Implementing a Domain Adaptation Method
Adding a new DA method requires creating a single file with a subclass of BaseDomainAdaptationMethod. No framework code needs to be modified.
The Contract
from pytorch_segmentation_models_trainer.domain_adaptation.base_method import (
BaseDomainAdaptationMethod,
DomainAdaptationLossOutput,
)
class MyMethod(BaseDomainAdaptationMethod):
# ── Class-level flags ────────────────────────────────────────────────
requires_features: bool = False # True → FeatureExtractorHook is activated
requires_target_labels: bool = False # True → SSDA (target has labels)

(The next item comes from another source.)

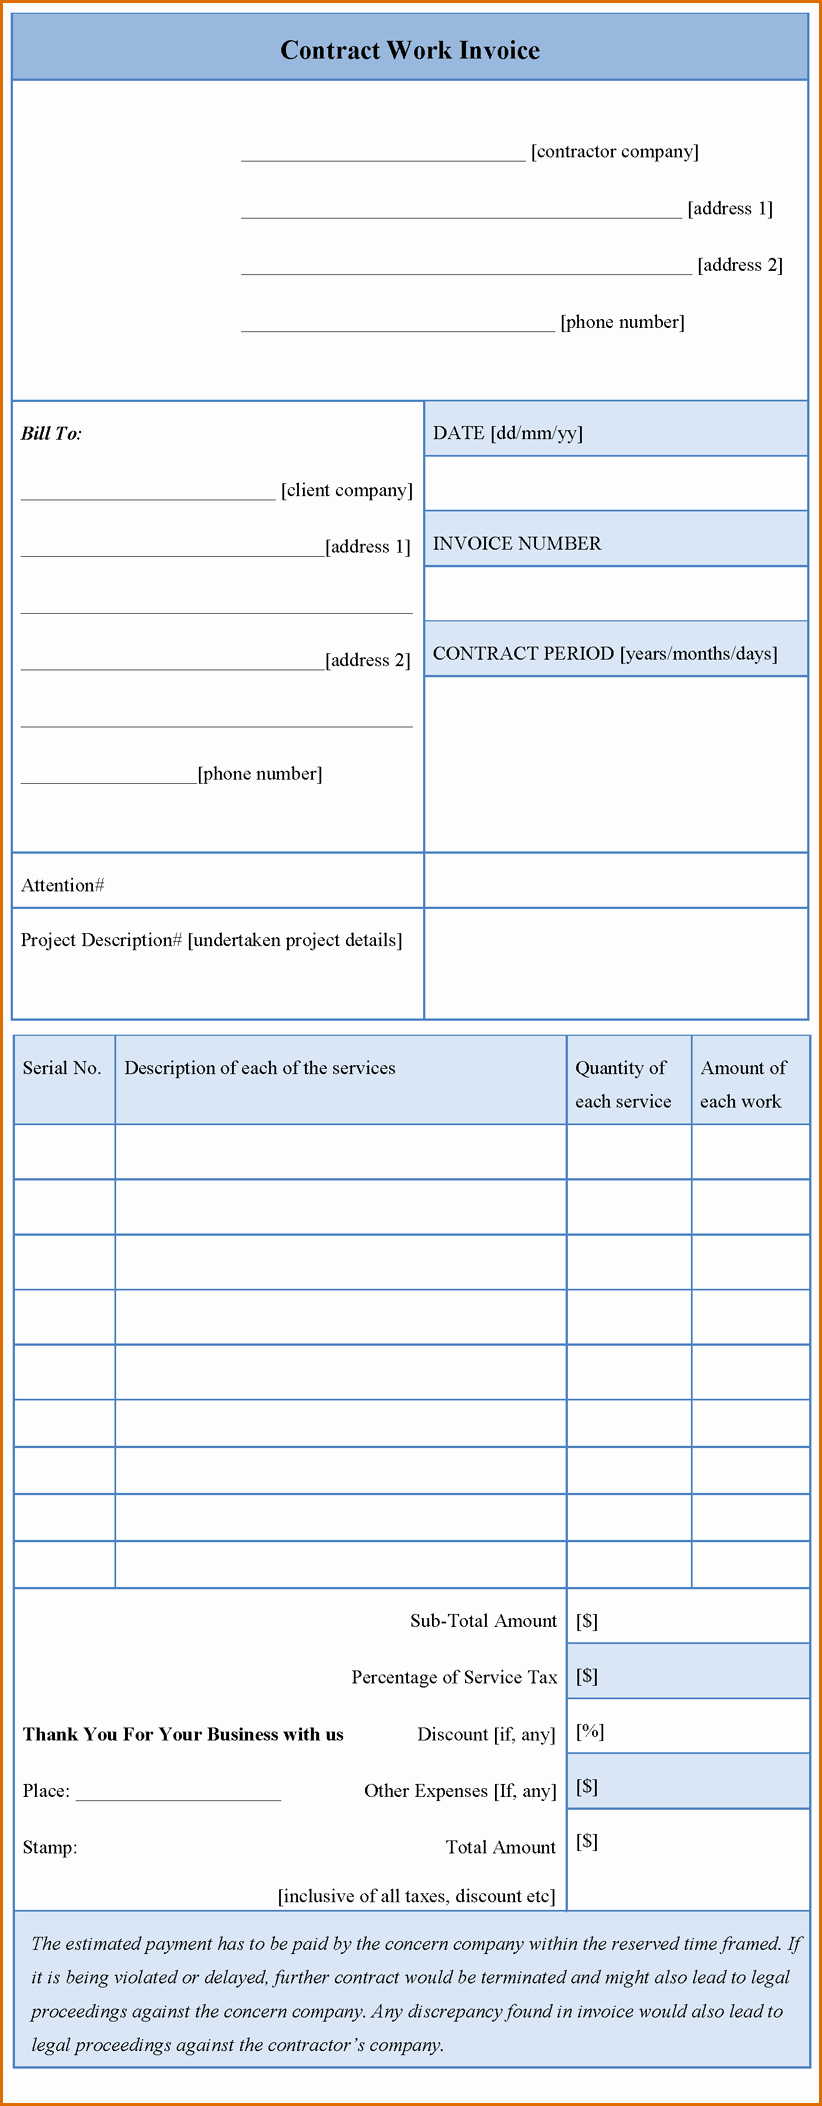 Invoice Template for Contract Work New 7 Work Invoice Template

def __init__(self, my_param=0.5, **kwargs):
super().__init__(**kwargs) # passes lambda_da and other base kwargs
self.my_param = my_param
# auxiliary networks go here as nn.Module attributes:
# self.discriminator = nn.Sequential(...)
# ── REQUIRED ────────────────────────────────────────────────────────
def compute_da_loss(
self,
source_batch, # dict with "image", "mask"
target_batch, # dict with "image" (no "mask" for UDA)
source_output, # model logits for source, shape (B, C, H, W)
target_output, # model logits for target, shape (B, C, H, W)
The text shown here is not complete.